ただし、頻繁に起きるようなら設置環境の見直しや、風よけの設置について業者に相談してみてもいいかもしれませんね。

まとめ:給湯器がついたり消えたりしても、まず落ち着いて確認を

給湯器の燃焼ランプや炎マークがついたり消えたりする現象は、次のようにまとめられます。

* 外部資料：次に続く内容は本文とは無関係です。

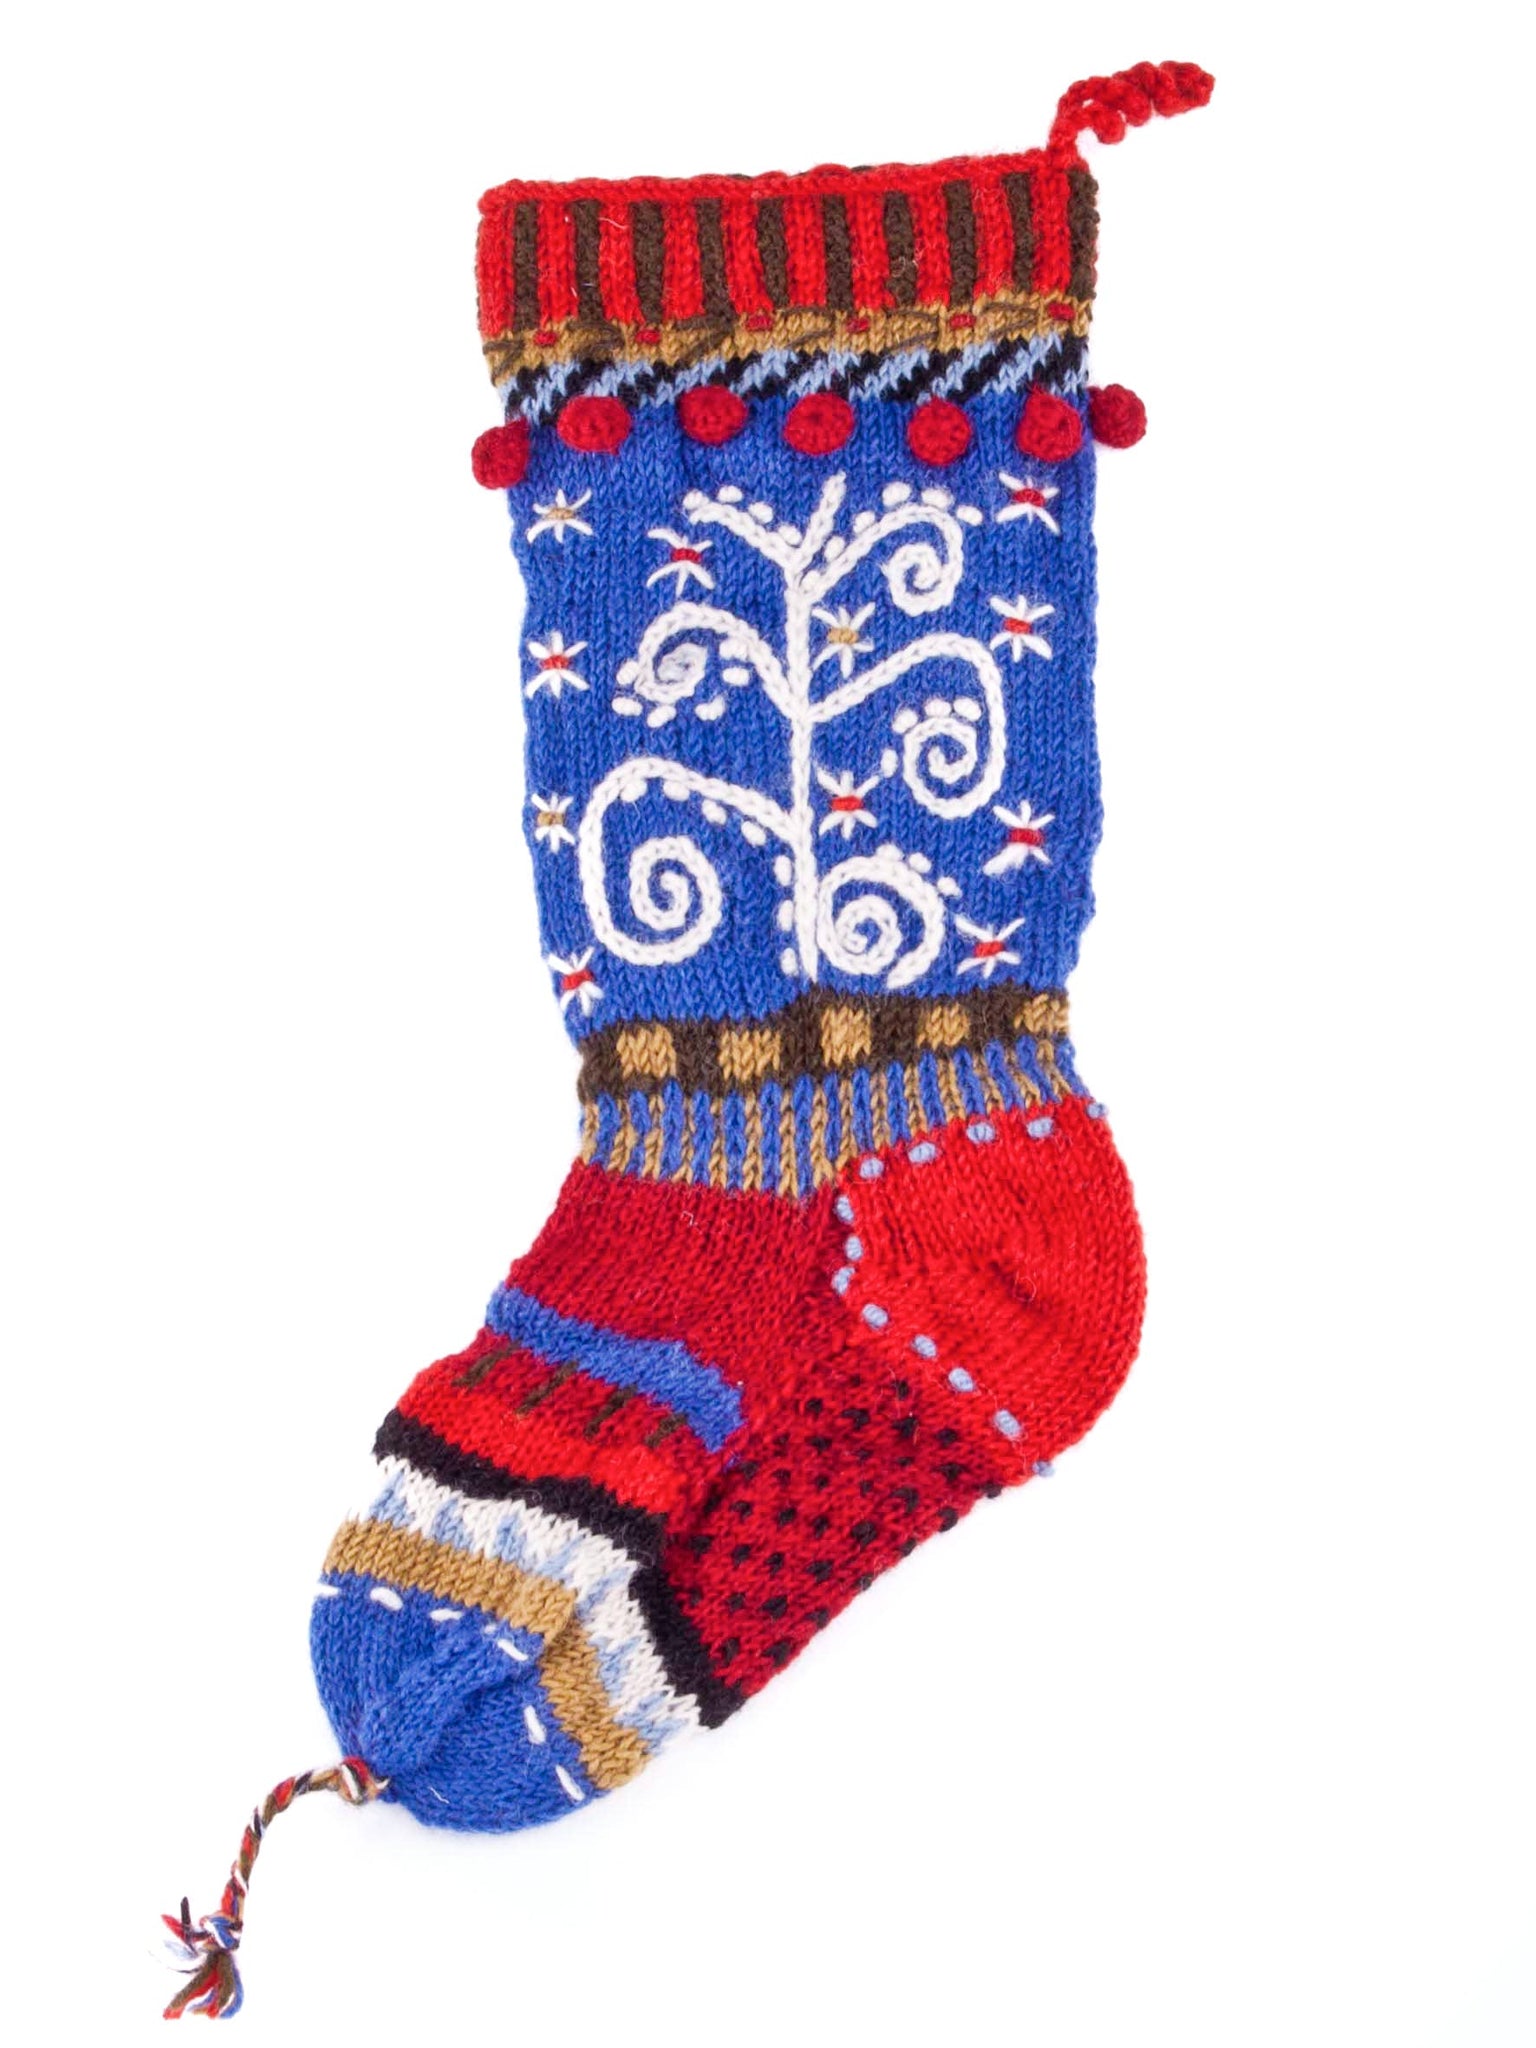 Knitted Wool Christmas Stocking - Icicle
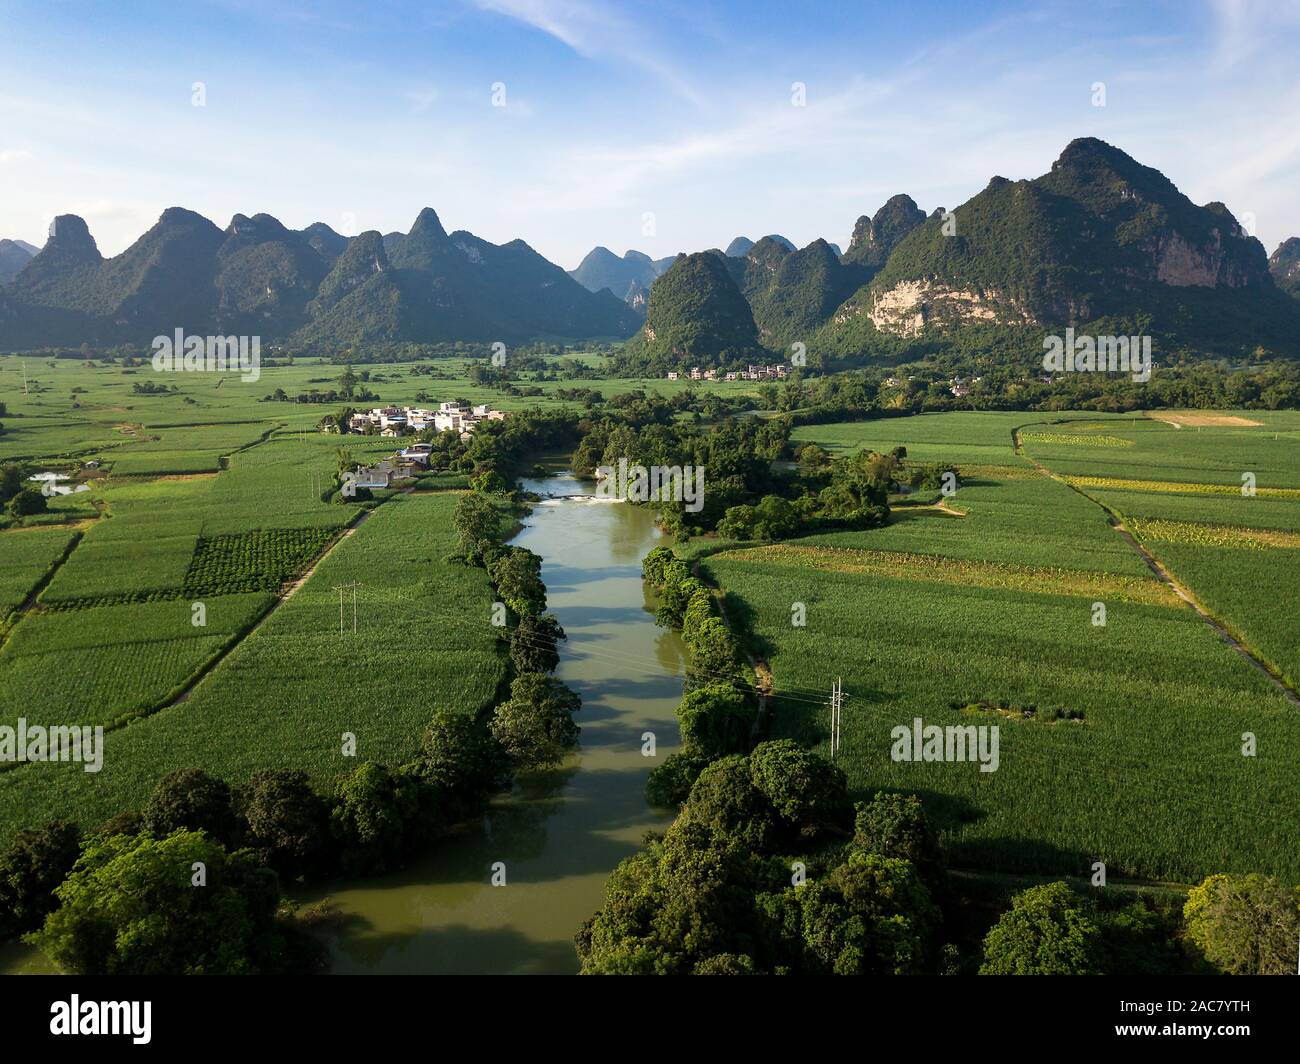 Karst landscape and agricultural fields in Guangxi province at south China aerial view Stock Photo

  • 夏場の間欠燃焼・温度制御による正常動作であることが多い
  • 複数の蛇口の同時使用や、湯量の絞りすぎでも起きる
  • フィルター詰まり・水圧不足・ガス供給の問題でも発生する
  • 10年以上使っている場合は、経年劣化による故障の可能性も視野に入れる
  • ガスのにおい・エラーコードの繰り返し・お湯が全く出ない場合は、すぐに専門業者へ

まずは「お湯がちゃんと出ているか」「エラーコードが出ていないか」「夏場かどうか」を確認するところから始めてみてください。
多くのケースは、少し確認するだけで「あ、正常だったんだ」と安心できることが多いんですよ。

それでも不安が残る場合や、症状が繰り返される場合は、無理に自分で判断しようとせず、ガス会社やメーカー、専門の修理業者に気軽に相談してみてくださいね。
プロに見てもらうことで、きっと安心できますよ。
あなたの毎日のお風呂タイムが、快適で安心なものでありますように。